The other night, as I crossed Sixth Avenue in a drizzle and gazed south, to the twinkling lights of lower Manhattan, I had one of those New York moments. Like that feeling you get when the skyline swings into view on the drive in from LaGuardia, or during walks across Central Park, when you can’t help but stop in your tracks on the Great Lawn or the Sheep Meadow to marvel at the expanse of green and the towers beyond.
To me, New York is not Times Square, the image it often represents to the world. New York pulses with energy, that is a known fact. But the city is also incredibly intimate, despite its size.
New York is the quiet nights at Turks and Frogs, talking politics and books with the bartender. New York is the day your barista tells you she’s moving away and will miss serving you every morning.
New York is the friends. The sad days when we say goodbye to old ones, and the hope that comes from the new ones we’re constantly meeting in what must be the most social city on the planet. New York is always having a place to go where people know your name, and just as many where no one knows it, when that’s all you need.

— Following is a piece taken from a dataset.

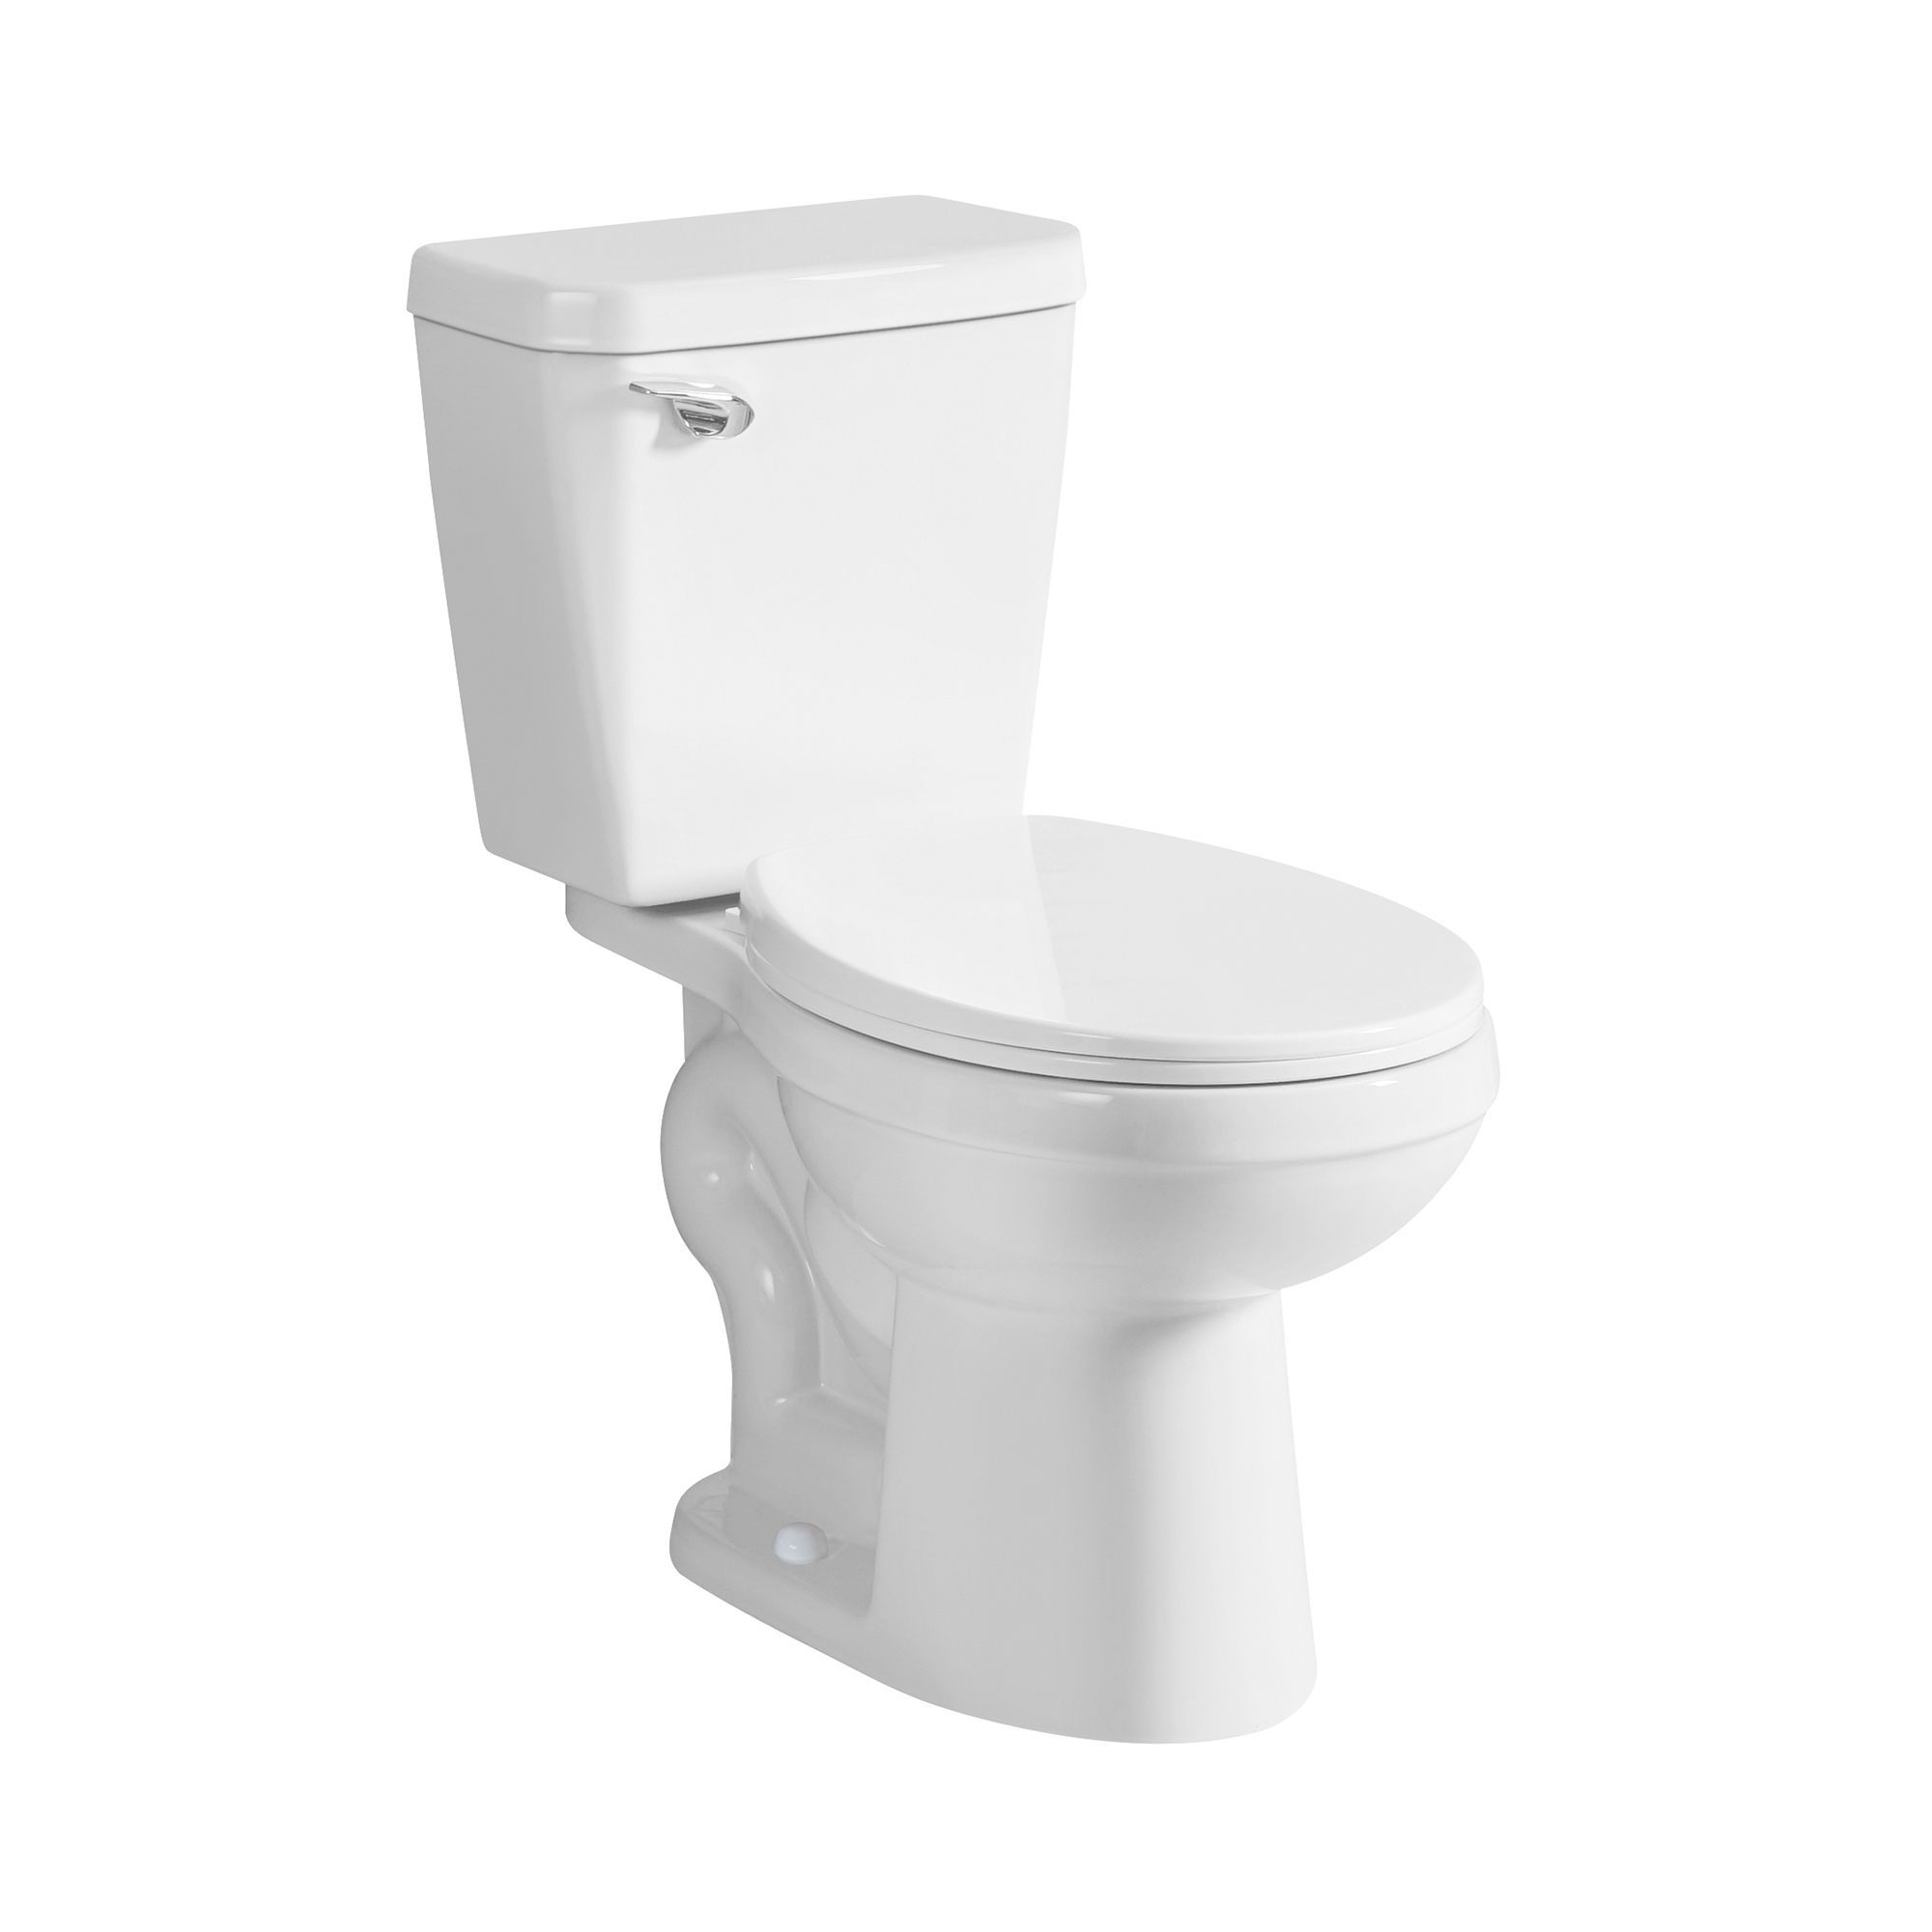 Toilette à cuvette allongée Delta Prelude, certifiée WaterSense
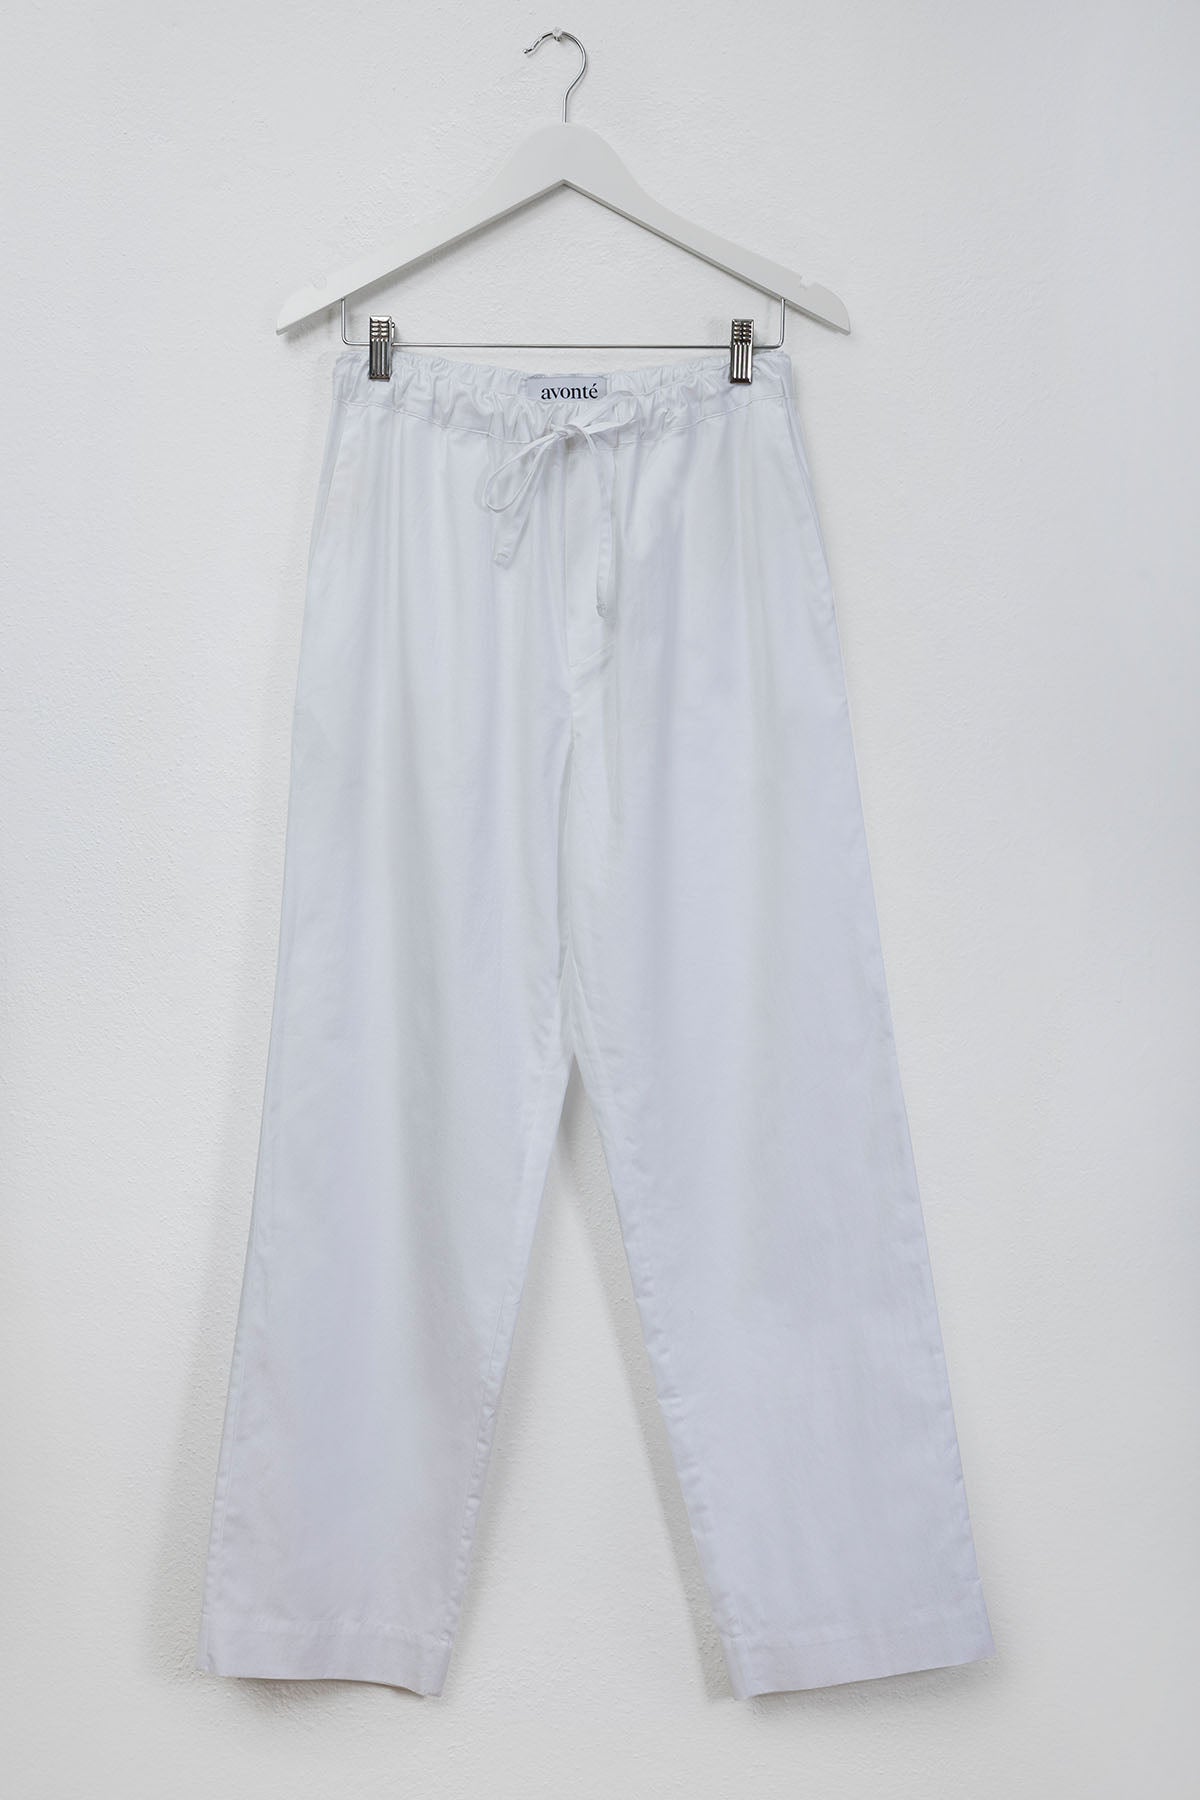 long pyjama pants in volor worthy white_avonte

New York is the dog days of summer on the sidewalk at the Duplex that you don’t want to end, and that you wish you’d worn the sunscreen for.
New York is high brow and low brow. The simple pleasure of brunch at Jackson Hole and the indulgence of drinks in the clouds at the Mandarin. Lincoln Center. The Met. The Monster. Laying on the grass and reading a book at the Christopher Street Pier. Walking down Fifth Avenue with the sun in your face.
I don’t know how better to describe New York.
“The deepest aspects of life are about wordlessness,” Pico Iyer wrote. “Something you can’t articulate.”
With 2,190 New York days under my belt, I don’t think I’ve gone a single one saying I hate this place. And while it’s true I’m a compulsive traveler and love nothing more than to escape to the wilds of Maine or British Columbia, or lust after the romance of Paris, the truth is, there’s no place like this.
“Once you have lived in New York and made it your home,” Steinbeck said, “no place else is good enough.”